The other thing to learn over time, is how much wood in the firebox is needed when it's not cold out, and the wind is or isn't blowing, and a number of other tricks needed to have good control and not blow off any steam, or have a cold house. Knowing your wood supply is an important factor in the equation as well.
south central Wisconsin
It may be that my sole purpose in life is simply to serve as a warning to others


It's a learning experience.  As I said, I've only been running it for a total of six, non-continuous months, and I'm not there all the time as the house is still under construction.  Another factor is that most of what I've been burning is offcuts and scraps from the house project - mostly pine.  I have a huge pile of it that I'm trying to get rid of, and along about February I'll have burnt thru most of it and can start on some hardwood.
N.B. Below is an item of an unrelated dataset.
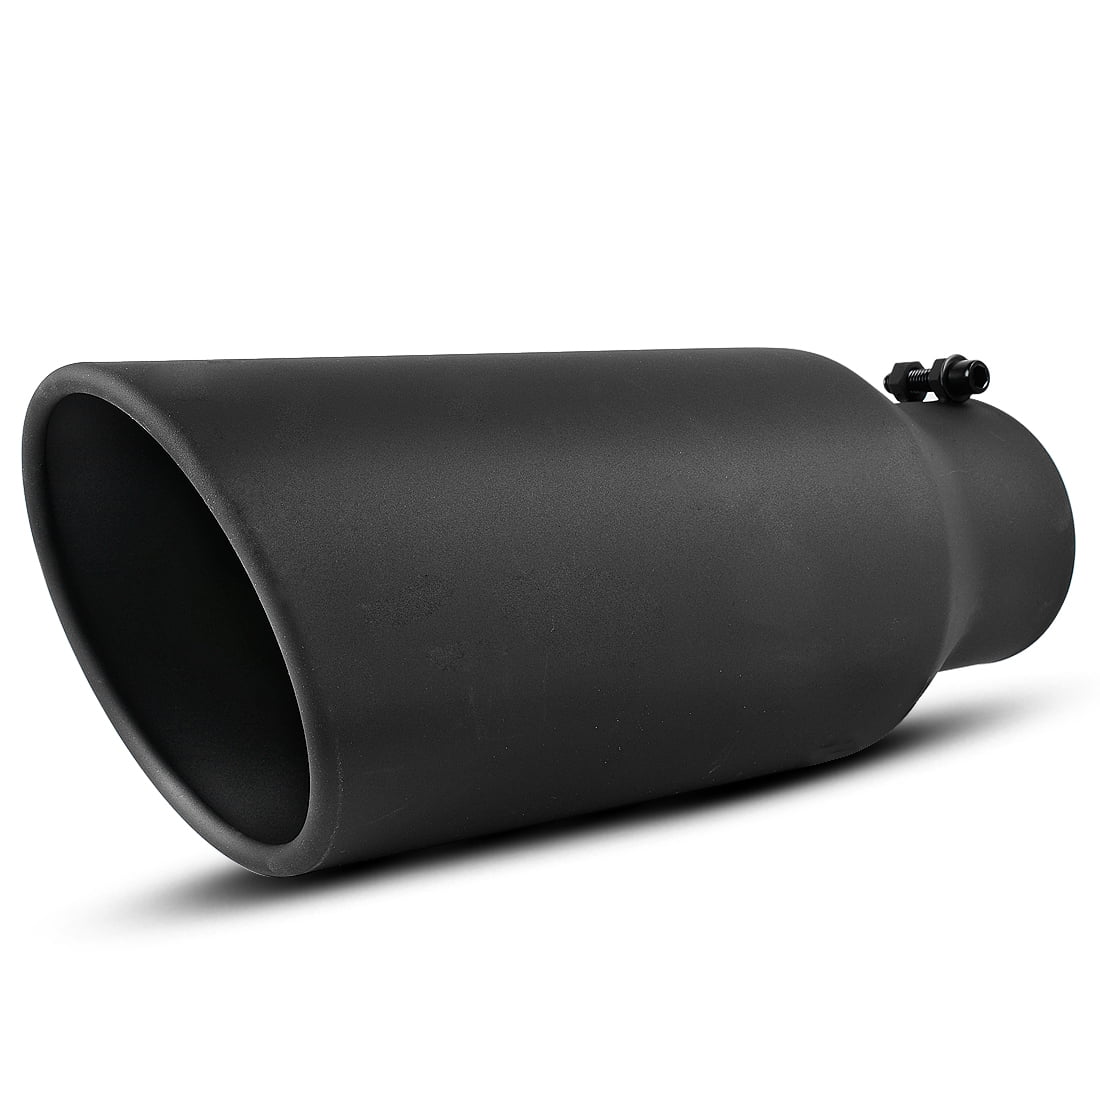 Exhaust Tip 4 Inch Inlet x 6 Inch Outlet x 15 Inch Long Black Stainless
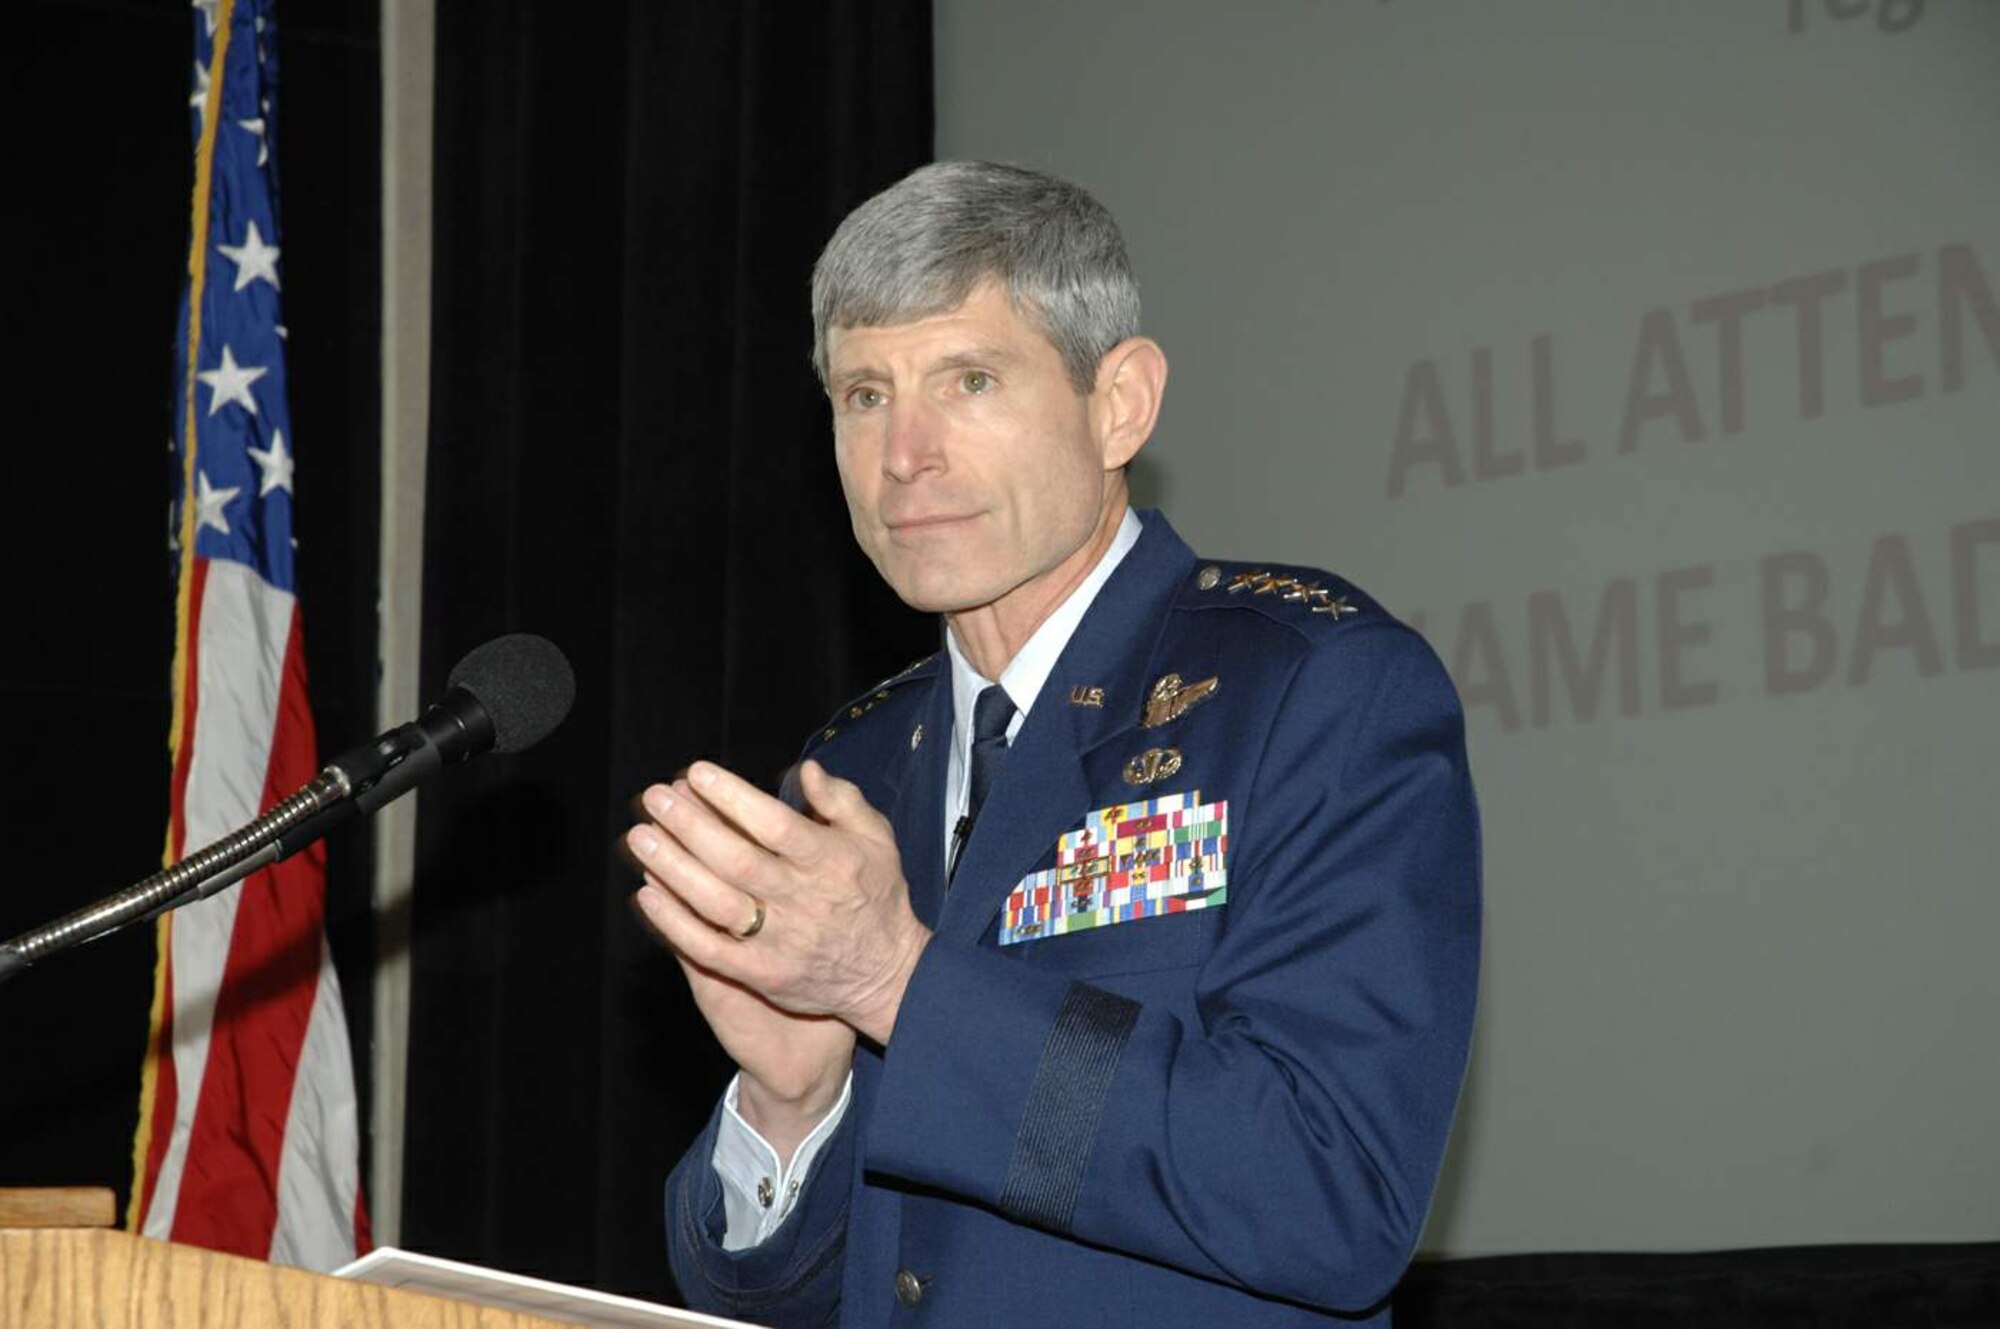 Gen. Norton Schwartz, Air Force chief of staff, speaks to an assembly of some 700 Air Force acquisition professionals and defense industry partners April 21 during DOD Acquisition Insight Days at Sinclair Community College in Dayton, Ohio. The event, organized by officials at Defense Acquisition University - Midwest Region, provided senior leader perspectives, workshops and training focused on delivering war-winning capabilities for joint warfighters.  (U.S. Air Force photo/Al Bright)

I have the Hardy H4, 130 gallon, 180,000 BTU. Most people around here have the smaller H2, 100 gallon, 120,000 BTU. I wanted the larger one so I could put a larger load of wood in it. It also provides the extra heat for the green house and kiln. As I mentioned earlier, it is very important to set it up for the ease of firewood management. I have a metal carport right next to the furnace for the firewood. No problem to load it in the rain. I have not had any problem with boiling the water except when I failed to close one of the doors. I don't have the domestic hot water connected yet. I just can't seem to find that round tuit. Seems like I saw the literature on a furnace you could load with the FEL but I think it would be a bit large for a home.


What do you do for hot water in the summer? LeeB
'98 LT40HDD/Lombardini, Case 580L, Cat D4C, JD 3032 tractor, JD 5410 tractor, Husky 346, 372 and 562XP's. Stihl MS180 and MS361, 1998 and 2006 3/4 Ton 5.9 Cummins 4x4's, 1989 Dodge D100 w/ 318, and a 1966 Chevy C60 w/ dump bed.


Quote from: LeeB on December 13, 2006, 05:30:31 PM
What do you do for hot water in the summer? LeeB

Either feed the boiler or let the backup propane burner take over.


For the water BOILING over you need to adjust the high temp shut off temperature down a bit lower. OR go to a different type of thermostat which can sence WHERE the temp is and when it shut down sooner to prevent this.   One of the guys at work has recently changed his and now uses alot less wood as well as 0 boil overs since then.   His was a simple bulb stat and he upgraded to a better unit with beter control features...    Anyhow one other thing is to make sure you're DOOR seal is goo all way around and making contact, any I mean ANY air leaks can cause boil over too...   Also make sure all dampers are closing fully..  some use dampers on both stack and intake air, others use pressure blower on inlet and dampers on stack ect.   all of these work in conjunction to maintain temp inside the water jacket.   

Mark M
I'm looking for help all the shrinks have given up on me :o


I won't be much help since i built mine, I've turned my water temp all the way down to 160 degrees. Mine gets the heat in the trailer VIA an water to air heat exchanger under the furnace. Furnace blower moves tha air across it and through the ductwork. At 180 degrees I was getting boil overs. Part of the problem is the door design which I'm working on changing. Also at 180 degrees you couldn't step on a register without getting a minor burn.

I also found burning green wood on warm days helps keep the heat down

Breezewood 24 inch mill
Have a wooderful day!!


Engineer, I think Spiker has answered your boil over problem, with the thermostat. I have the 5648 also and have never boiled over. Our house is 1800 sq. ft so the furnace is way over kill. I bought this size in anticipation of taking it with us to the farm when we move there.